Europäischer Realitätsverlust

Kanzlerin Merkel sieht den russischen Präsidenten Putin im Krim-Konflikt in einer anderen Welt. Das ist er wohl. Fraglich ist, wer von den beiden in der Realität lebt. Basierend auf den Ereignissen der letzten Woche ist das ganz eindeutig Putin. Er hat mit einem entschlossenen Einsatz seiner Armee Fakten geschaffen. Die Professionalität der russischen Armee beeindruckt auf allen Ebenen. Das hat gar nichts mehr mit der alten sowjetischen Militärdoktrin des Masseneinsatzes schlecht ausgebildeter Soldaten zu tun. Der 4-Tage Krieg in Georgien 2008 hätte Warnung genug sein müssen.

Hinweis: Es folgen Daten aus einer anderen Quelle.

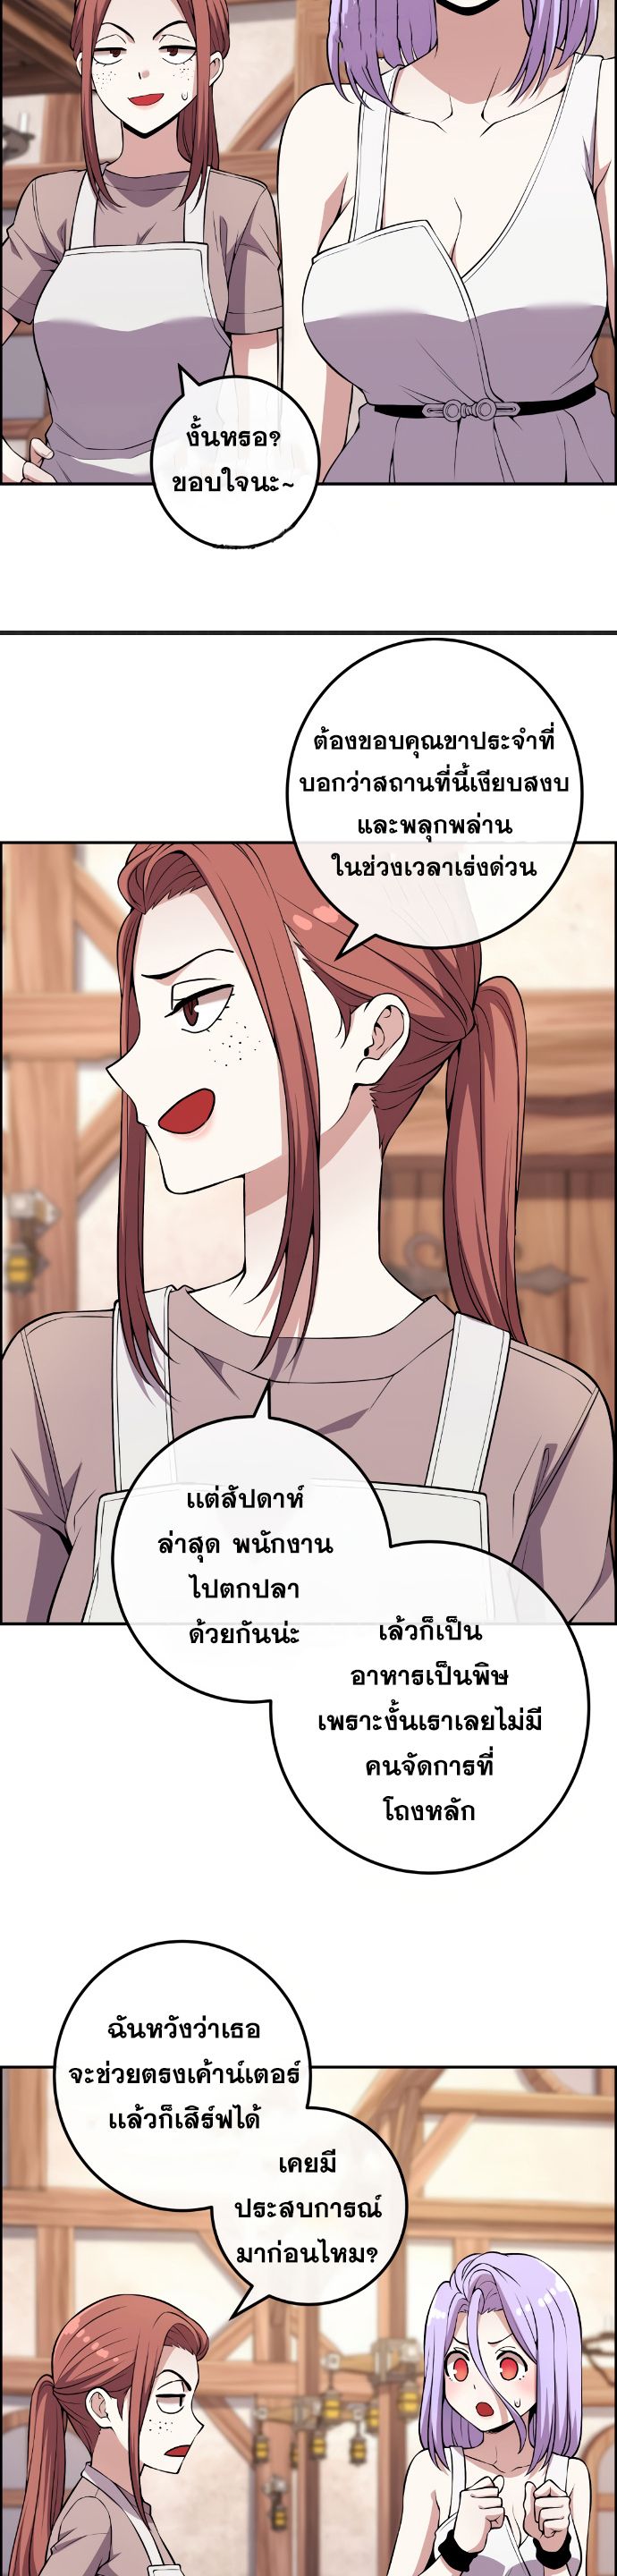 Webtoon Character Na Kang Lim ตอนที่ 124 (17)

Europa hat der russischen Armee keinerlei Drohpotential mehr entgegenzusetzen, die Armeen des alten Europa verdienen ja kaum noch diese Bezeichnung.

Obendrein haben die USA haben vor wenigen Tagen die massivste Verkleinerung ihrer Truppenstärke seit dem II. Weltkrieg verkündet. Die USA sind schlicht pleite. Genau wie die Europäische Union.

Russland sitzt dagegen auf Rohstoffen im Wert von vielen Billionen Dollar. Von diesen Rohstoffen hängt Europa ab und Präsident Putin kann alleine darüber entscheiden, ob er Europa weiterhin mit diesen Rohstoffen versorgen will. Ein dritter -ebenfalls sehr potenter- Global Player würde Putins Gas und Öl ebenfalls gerne abnehmen: China.

Putins Russland konnte in der Vergangenheit tun und lassen, was es wollte. Stets blickte der Westen in arroganter Art und Weise auf die Russen herab.

Dass Russland eine andere Haltung zu Homosexuellen hat, das war regelmäßig Thema in den Abendnachrichten und wurde als Zeichen russischer Rückständigkeit gewertet. Russlands Haltung zum Syrienkonflikt ebenso. Die Olympischen Spiele in Sotschi: Zu teuer, zu warm, die Arbeiter allesamt ausgebeutet. Und dann fehlt auch noch eine Trennwand in einer Toilette.

Zusagen wurden en masse gebrochen, ehemals sowjetische Satellitenstaaten in die NATO integriert, slawische Staaten in die EU aufgenommen, mit Serbien wurde 1999 ein slawisches Bruderland bombardiert.

Das alles hat die Russen gekränkt, die rote Linie wurde aber jetzt mit der massiven finanziellen und ideellen Unterstützung der ukrainischen Opposition überschritten.

Nun schützt Russland seine Bürger und dies ist die vornehmste Aufgabe eines Staates. Und Russland kann sich des Dankes seiner Bürger gewiss sein. Nirgendwo sind russische Truppen auf Widerstand aus der Bevölkerung gestoßen. Das Ergebnis steht fest, die Ukraine wird geteilt, die russischstämmige Bevölkerung will zu Russland.

Die Ukrainer dagegen wollen an die Fleischtöpfe Europas. An die vermeintlichen Fleischtöpfe besser gesagt, Europa hat seine Kräfte bereits jetzt völlig überdehnt.

Was Europas Duodezfürsten ebenfalls befremdlich vorkommen wird: Da wollen Menschen tatsächlich mit ihresgleichen zusammenleben und verweigern sich der Gleichheitsideologie sogenannter universaler (in Wirklichkeit westlicher) Werte. Das geht gar nicht, da müssen Sanktionen her!

Putin und die Russen haben merklich an Selbstbewusstsein gewonnen und es schlicht nicht mehr nötig, sich dem Westen anzubiedern. Bezeichnend der wütende Ruf eines russischen Patrioten (das ZDF bezeichnet ihn natürlich als Nationalisten) in eine westliche Kamera: „Wir wollen nicht in diesem schwulen Europa leben!“

Da der Westen ziemlich blank in der Manege steht, bettelt man fast um eine diplomatische Lösung. Die farblose EU-Außenbeauftragte Ashton ignoriert Putin nicht mal. Russland verhandelt eben nicht mit Europa, sondern mit den USA, Großbritannien und Deutschland. Welches „Ansehen“ diese Europäische Union auch anderswo besitzt, hat ausgerechnet die US-Diplomatin Nuland mit ihrem Fuck the EU auf den Punkt gebracht.

Russland ist zurück auf der Weltbühne, Europas Hybris ist erstmals auf handfesten Widerstand getroffen und schon bleibt nichts mehr davon übrig.

Die europäischen Funktionseliten verstehen die Welt nicht mehr, weil diese eine andere ist.

Sie sind der Realität verlustig gegangen.